Deputy. Alter ego of the Chief of Staff is his deputy, who acts as adjutant between the Chief and the rest of the staff and bosses the show when the Chief is away. In the past 14 months, he has made six circuits of the continental U. S., side trips (mostly by air) to Hawaii, Panama, Venezuela, Puerto Rico, and his deputy, balding 60-year-old Brigadier General William Bryden, has had plenty to do. Crack Artilleryman Bryden commanded artillery brigades in 1917-18, is the only member of the staff who was a general officer in World War I. When George Marshall called him he was C. O. of the 13th Field Artillery Brigade.

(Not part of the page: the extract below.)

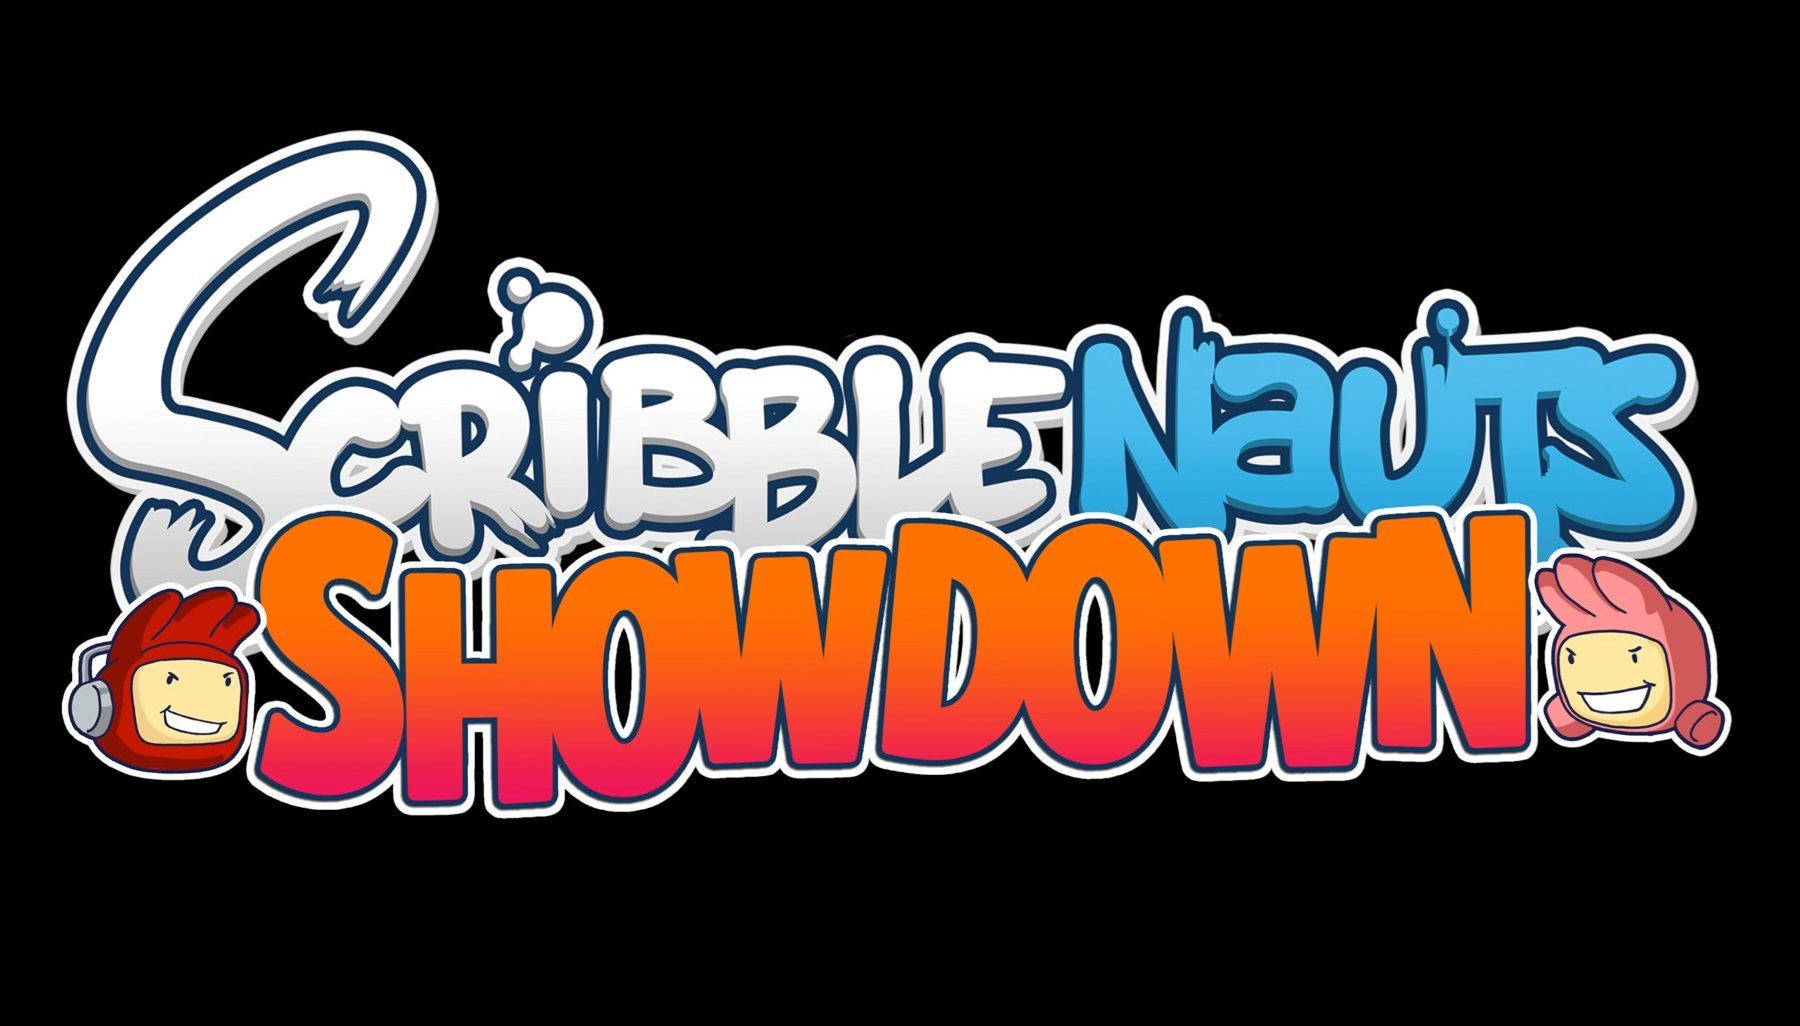 Scribblenauts Showdown llegará a las consolas este marzo

The Chief. Most military men think the U. S. is very lucky in the man who happened to boss its Army A.D. 1940. A stern disciplinarian but no martinet, the Army's Chief of Staff has been a soldier's soldier since the day he left V. M. I. a senior cadet captain and all-Southern tackle. Honor graduate of the old Infantry-Cavalry School in 1907, he showed his administrative stuff as a student in the Staff School, stayed on at Leavenworth as an instructor for three years. General Bell, mightily impressed at the ease with which young Marshall tossed off astute, clearly written orders to cover tactical situations in maneuvers, called him the greatest U. S. military genius since Stonewall Jackson. Modest George Marshall has been trying to forget this heavy praise ever since. But General Bell was not alone in his high opinion. Able, erratic, spectacular General Johnson Hagood once wrote, on a Marshall efficiency report: "This officer [then a lieutenant] is well qualified to command a division with the rank of major general, in time of war, and I would like very much to serve under his command." "Black Jack" Pershing, asked who was the best soldier in the Army, replied, "Colonel Marshall, of course."